_YOUR OBJECTIVE_
Wherever a picture appears in the data below, omit it, and restate everything else word for word.

_RAW DATA_
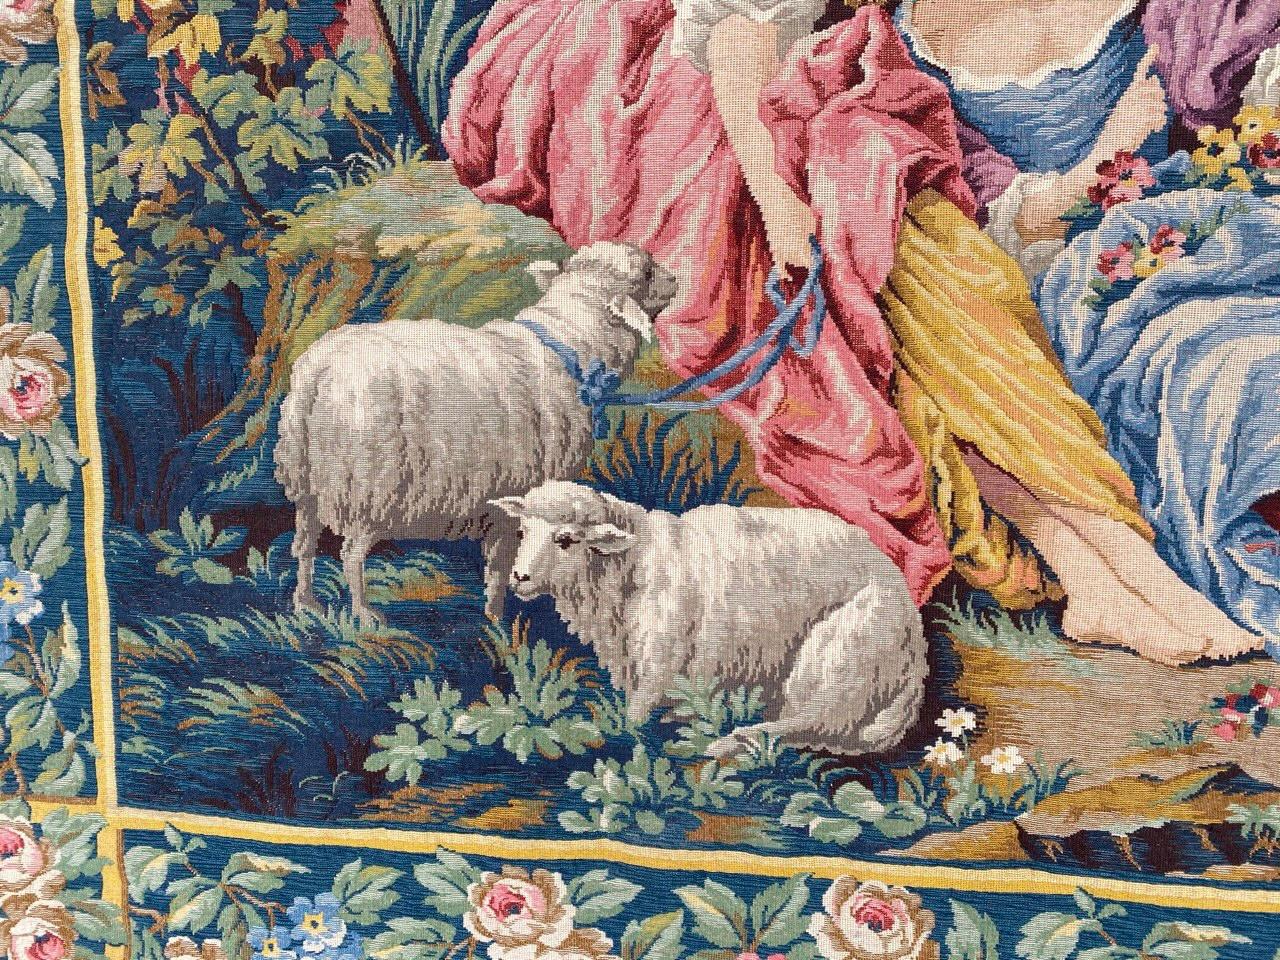 Très belle tapisserie française du milieu du siècle dernier avec un très beau dessin de scène galante (dessin de Boucher) et de belles couleurs, entièrement tissée par la manufacture mécanique Jaquar avec de la laine sur une base de laine.
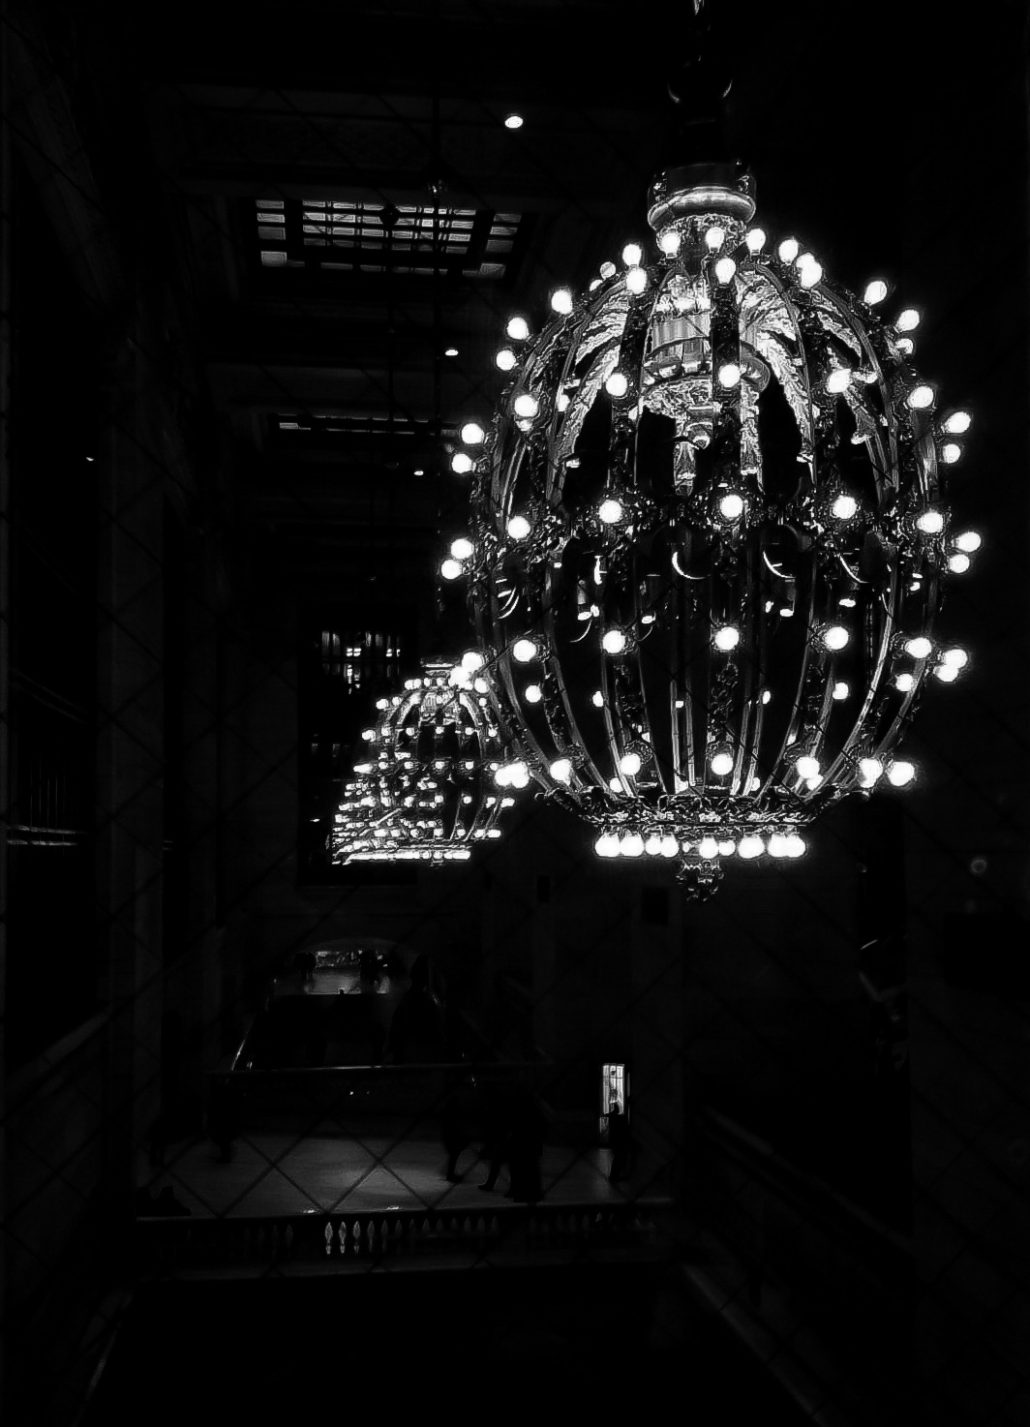 Grand Central Station lights
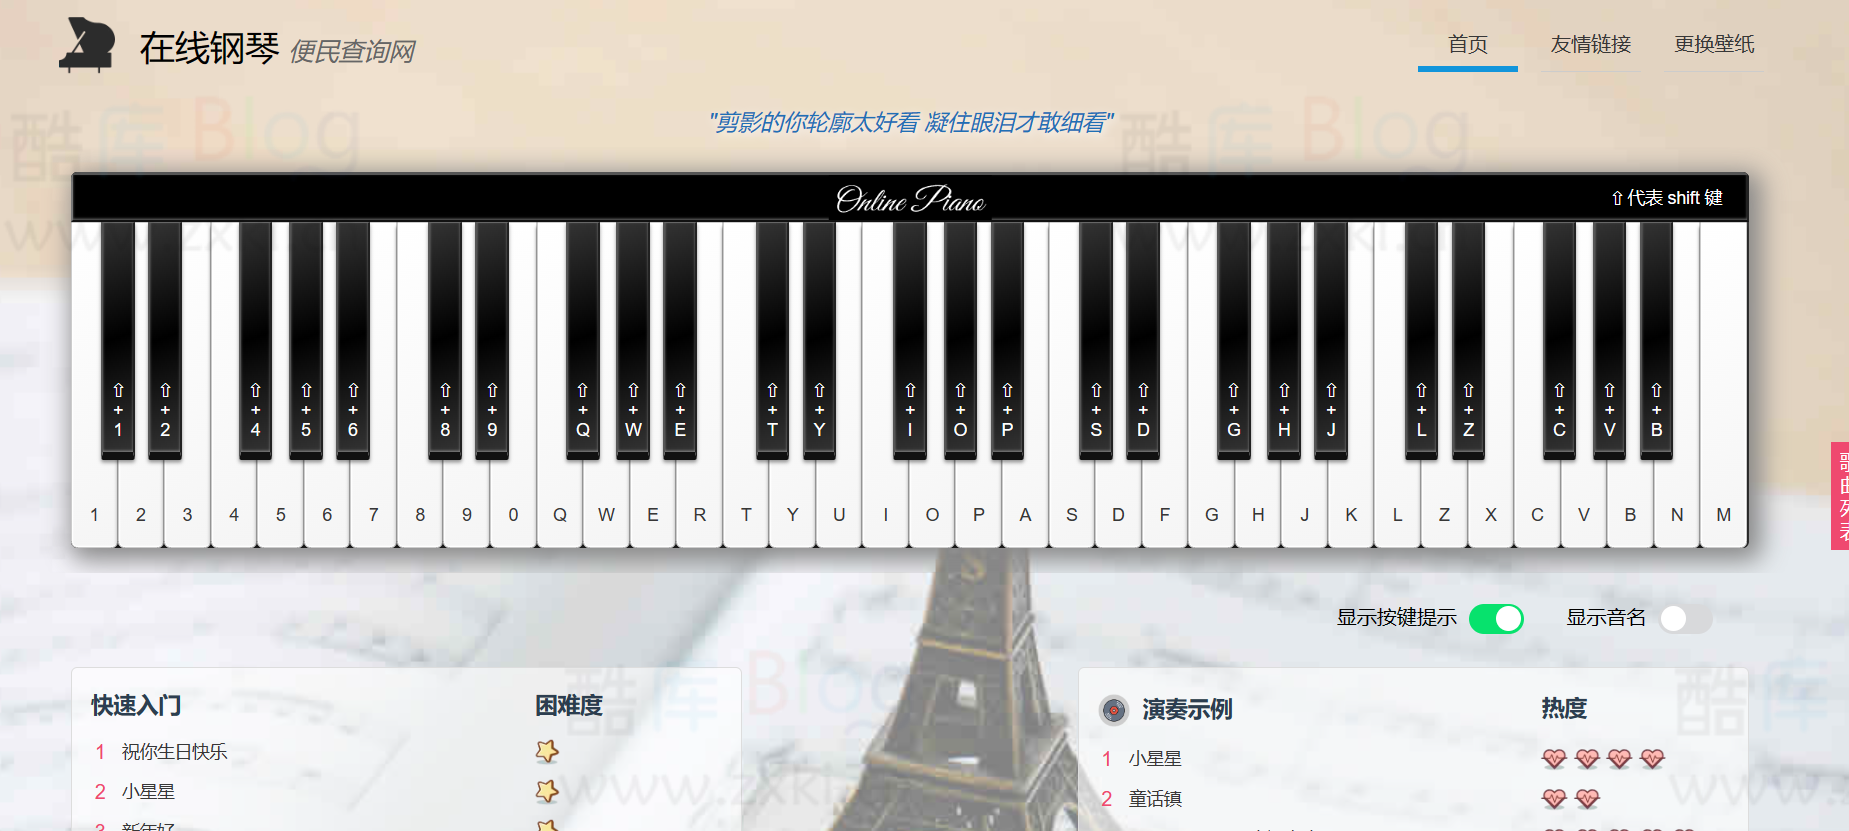 AutoPiano-在线弹钢琴模拟器网站源码 第2张插图
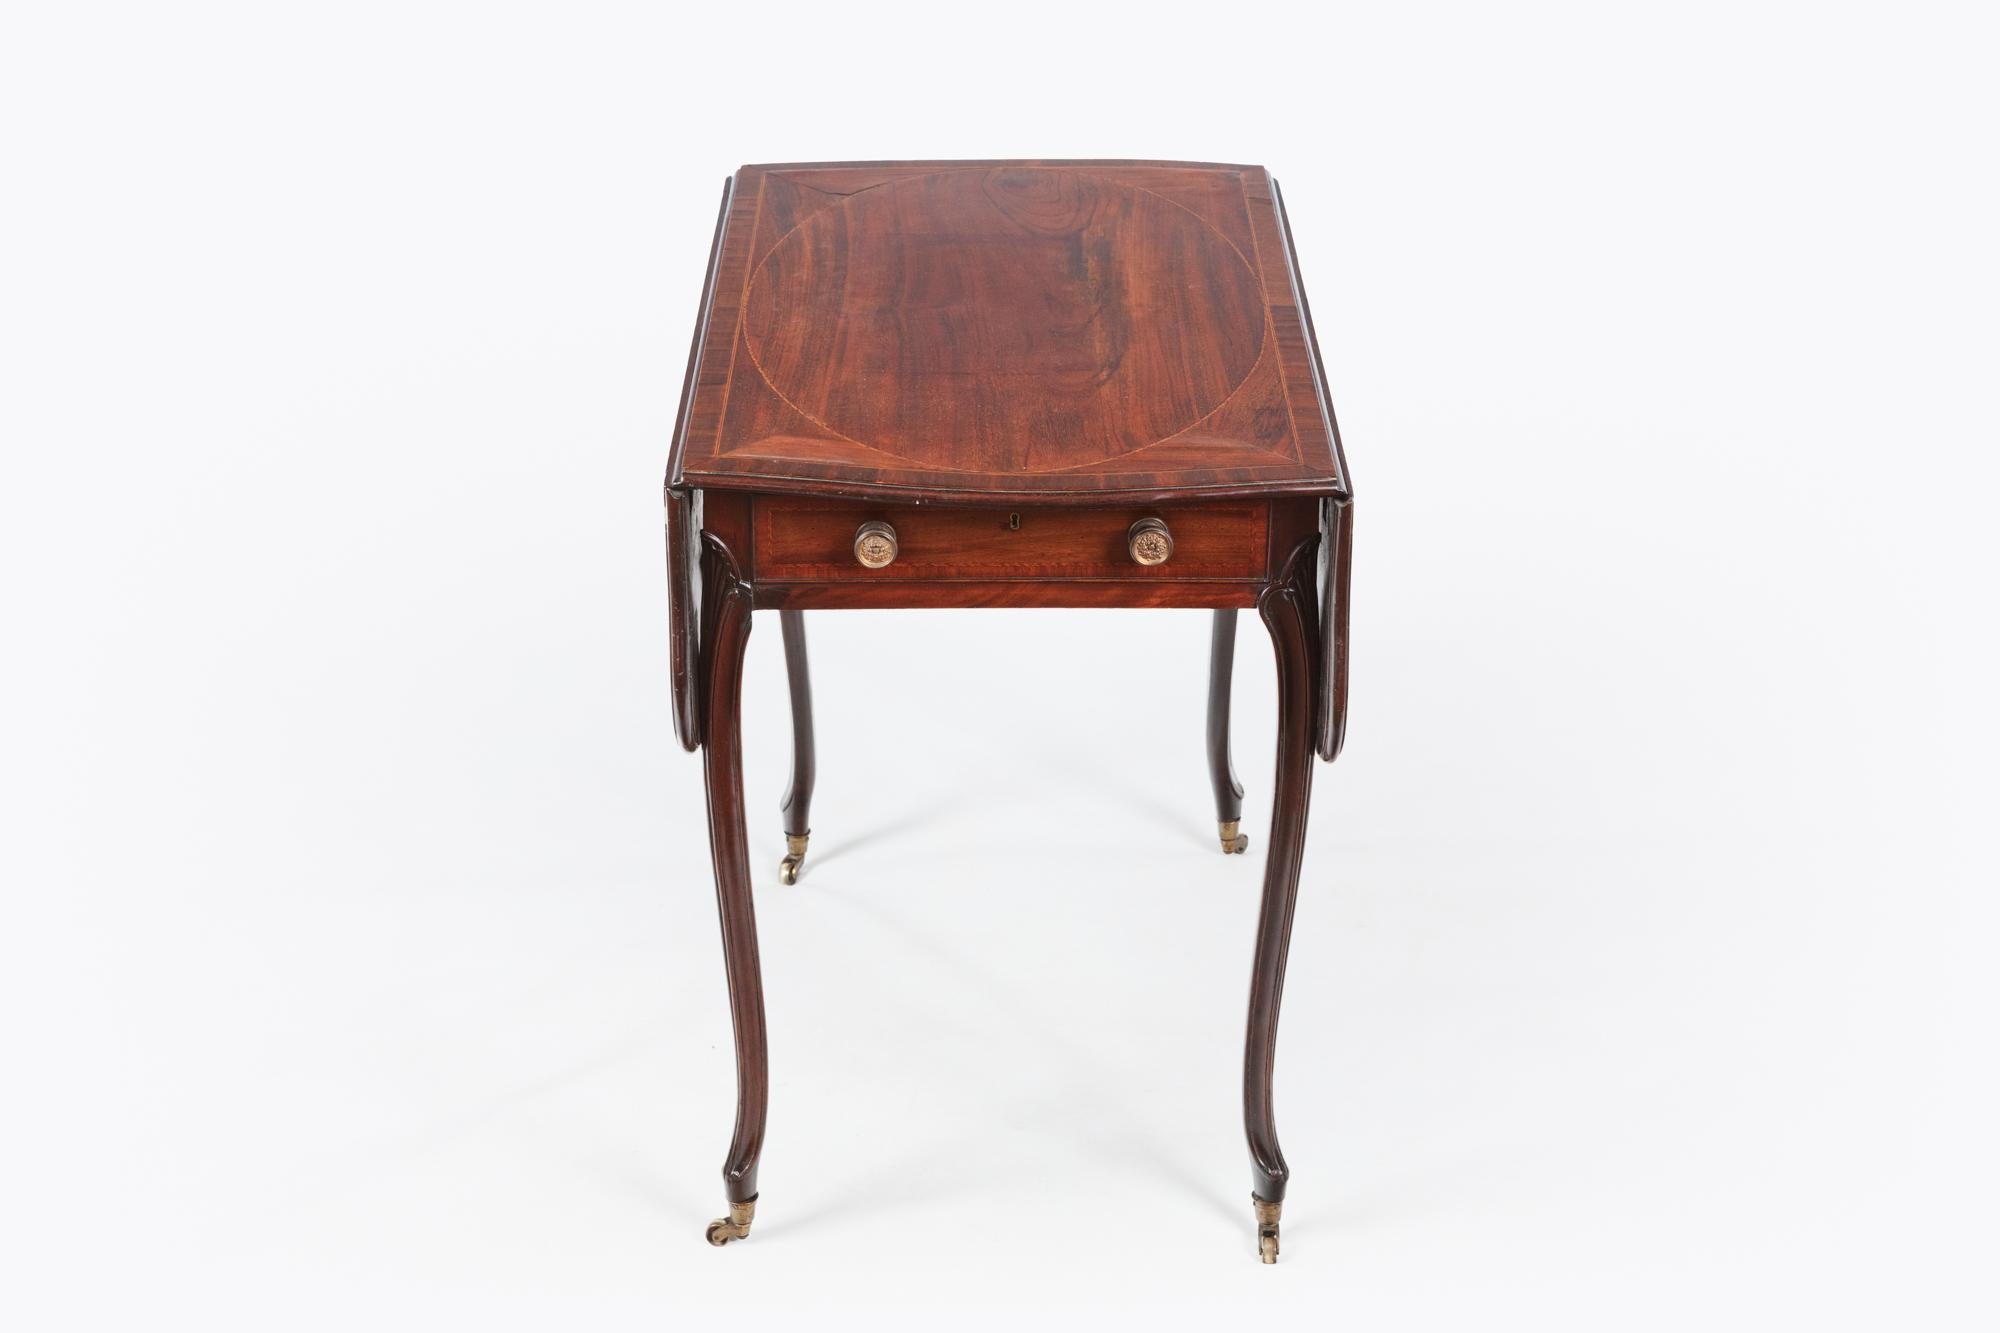 Pembroke-Tisch aus Mahagoni des späten 18. Jahrhunderts. Die schmetterlingsförmige Platte mit Satinholz-Querbändern über einer Friesschublade und einer gegenüberliegenden Scheinschublade steht auf fächerförmig geschnitzten Kabriole-Beinen, die in

_RESULT_
 Très belle tapisserie française du milieu du siècle dernier avec un très beau dessin de scène galante (dessin de Boucher) et de belles couleurs, entièrement tissée par la manufacture mécanique Jaquar avec de la laine sur une base de laine.
 Grand Central Station lights
 AutoPiano-在线弹钢琴模拟器网站源码 第2张插图
 Pembroke-Tisch aus Mahagoni des späten 18. Jahrhunderts. Die schmetterlingsförmige Platte mit Satinholz-Querbändern über einer Friesschublade und einer gegenüberliegenden Scheinschublade steht auf fächerförmig geschnitzten Kabriole-Beinen, die in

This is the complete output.